Aims to investigate the spatiotemporal distribution of COVID-19 cases in England; to provide spatial quantification of risk at a high resolution; to provide information for prospective antigen and serological testing.

Approach We fit a spatiotemporal Negative Binomial generalised linear model to Public Health England SARS-CoV-2 testing data at the Lower Tier Local Authority region level. We assume an order-1 autoregressive model for case progression within regions, coupling discrete spatial units via observed commuting data and time-varying measures of traffic flow. We fit the model via maximum likelihood estimation in order to calculate region-specific risk of ongoing transmission, as well as measuring regional uncertainty in incidence.

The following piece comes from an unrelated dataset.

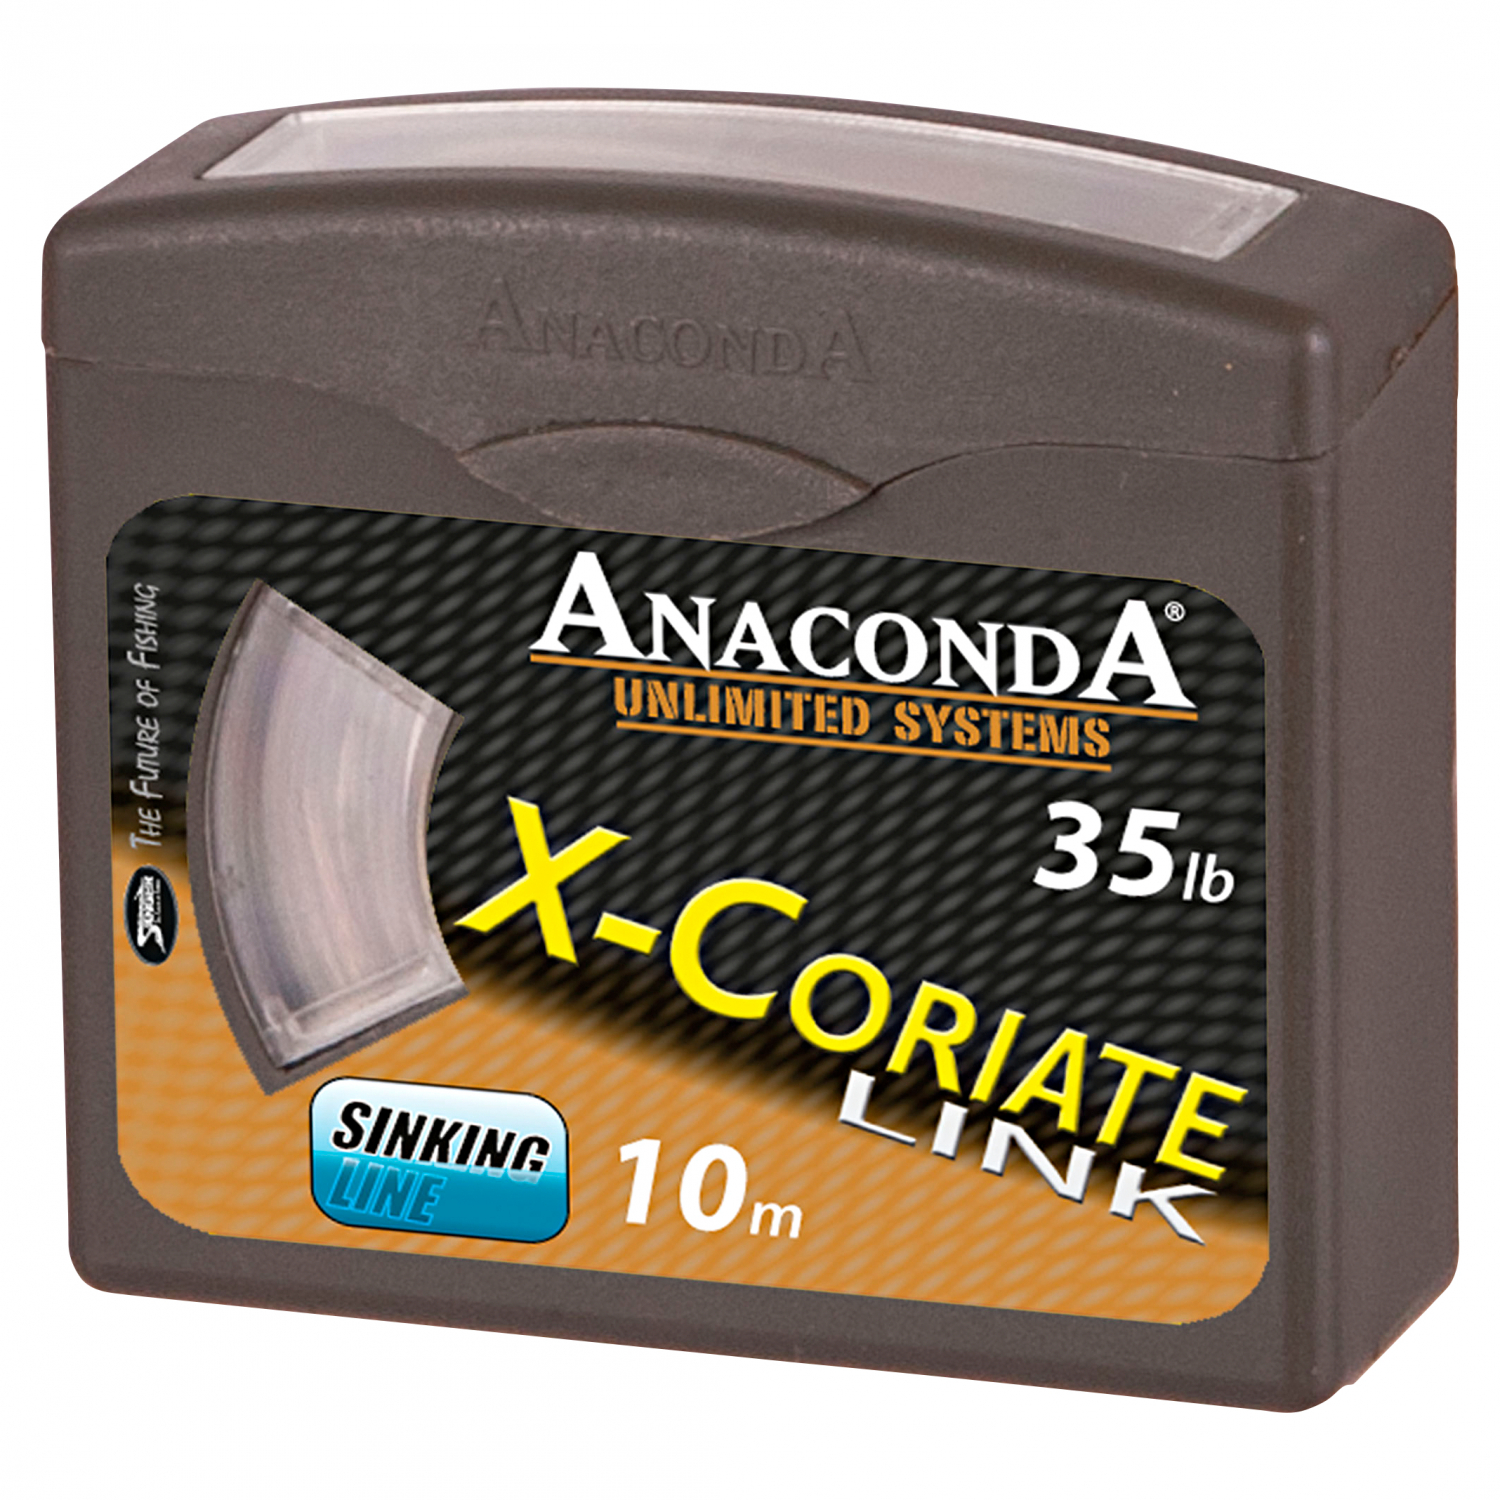 Anaconda Sänger Anaconda X-Coriate Link - Vorfachschnur

Results We detect marked heterogeneity across England in COVID-19 incidence, not only in raw estimated incidence, but in the characteristics of within-region and between-region dynamics of PHE testing data. There is evidence for a spatially diverse set of regions having a higher daily increase of cases than others, having accounted for current case numbers, population size, and human mobility. Uncertainty in model estimates is generally greater in rural regions.

Conclusions A wide range of spatial heterogeneity in COVID-19 epidemic distribution and infection rate exists in England currently. Future work should incorporate fine-scaled demographic and health covariates, with continued improvement in spatially-detailed case reporting data. The method described here may be used to measure heterogeneity in real-time as behavioural and social interventions are relaxed, serving to identify “hotspots” of resurgent cases occurring in diverse areas of the country, and triggering locally-intensive surveillance and interventions as needed.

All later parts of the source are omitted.